Translational research from discovery to practice averages 17 years. Slote Morris et al. (2011) in "The answer is 17 years, what is the question: understanding time lags in translational research" reviewed 23 papers quantifying lags in health interventions. Different studies used varied endpoints, limiting direct comparisons.

What are reproducibility challenges in medical research?

Reproducibility issues affect medical research reliability. Baker (2016) in "1,500 scientists lift the lid on reproducibility" surveyed 1,500 scientists who reported failures in replicating key experiments over 50% of the time. This impacts trust in findings for clinical applications.

How prevalent is publication bias in clinical research?

Publication bias favors positive results in clinical research. Easterbrook et al. (1991) in "Publication bias in clinical research" surveyed 487 Oxford projects from 1984-1987, finding 52% publication rate with positive studies 2.4 times more likely to be published. Of 285 analyzed studies, this pattern persisted.

What role does deliberate practice play in medical expertise?
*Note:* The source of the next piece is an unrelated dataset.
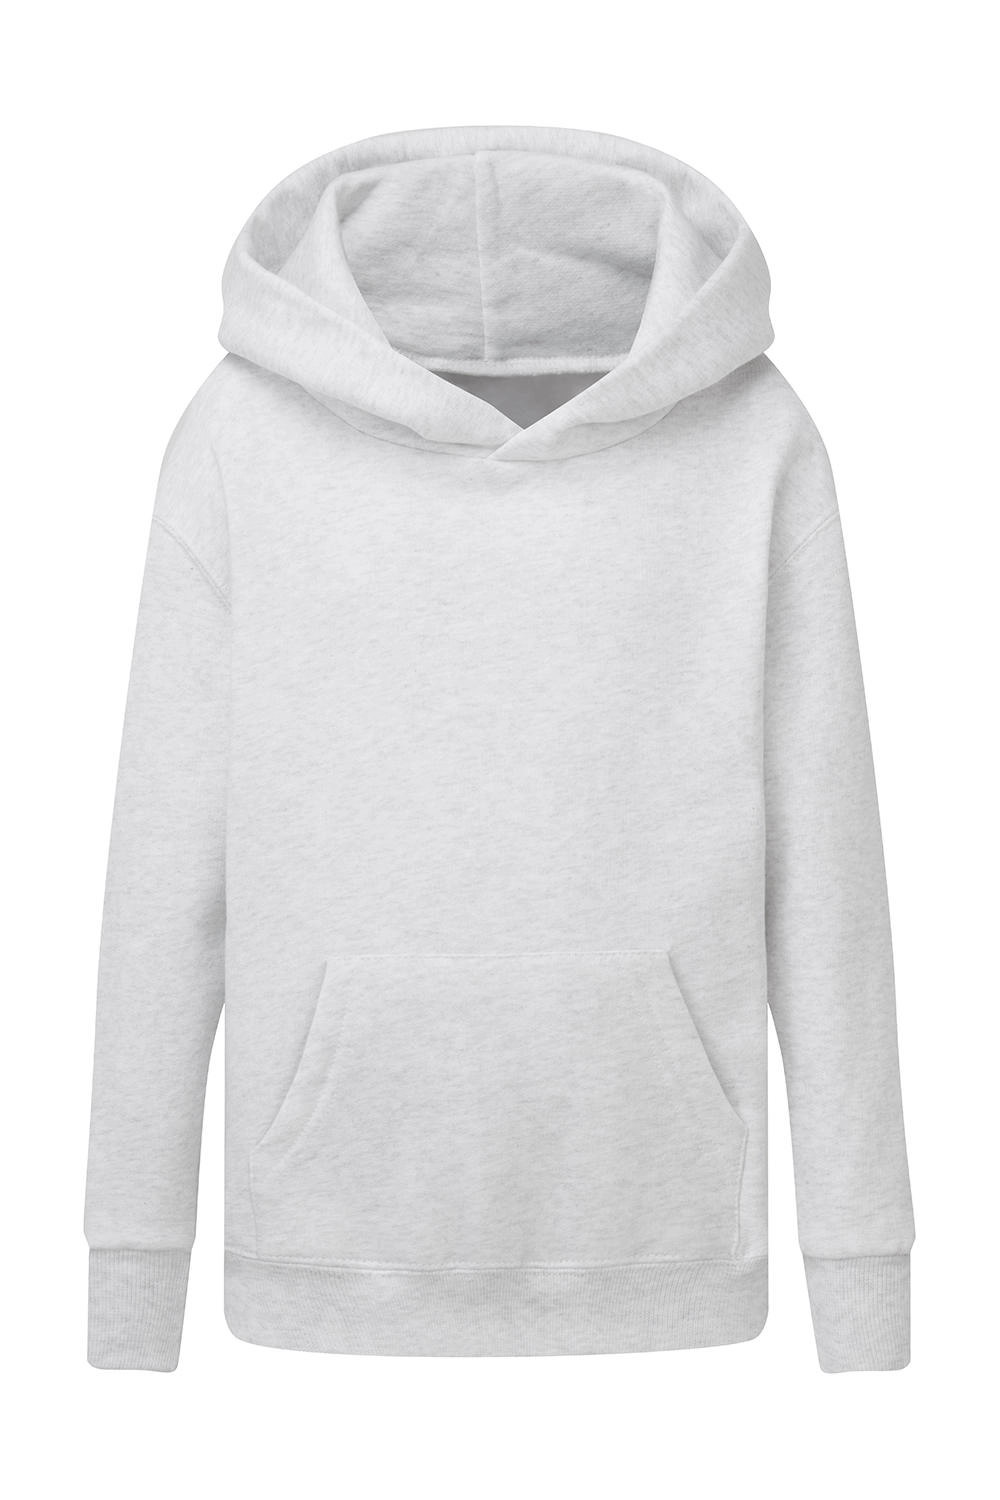 Hooded Sweatshirt Kids zum Besticken und Bedrucken in der Farbe Ash Grey mit Ihren Logo, Schriftzug oder Motiv.

Deliberate practice drives expert performance in medicine beyond mere experience. Ericsson (2004) in "Deliberate Practice and the Acquisition and Maintenance of Expert Performance in Medicine and Related Domains" shows extensive experience alone does not guarantee expertise. Structured practice accounts for individual differences in achievement.

Open Research Questions

  • ? How can time lags in translational research be shortened beyond the identified 17-year average?
  • ? What interventions most effectively improve reproducibility rates in preclinical medical studies?
  • ? Which risk of bias assessment tools best predict clinical trial outcomes?
  • ? How does publication bias vary across medical subfields like epidemiology and genetics?
  • ? What metrics beyond citations quantify real-world health impacts of medical research?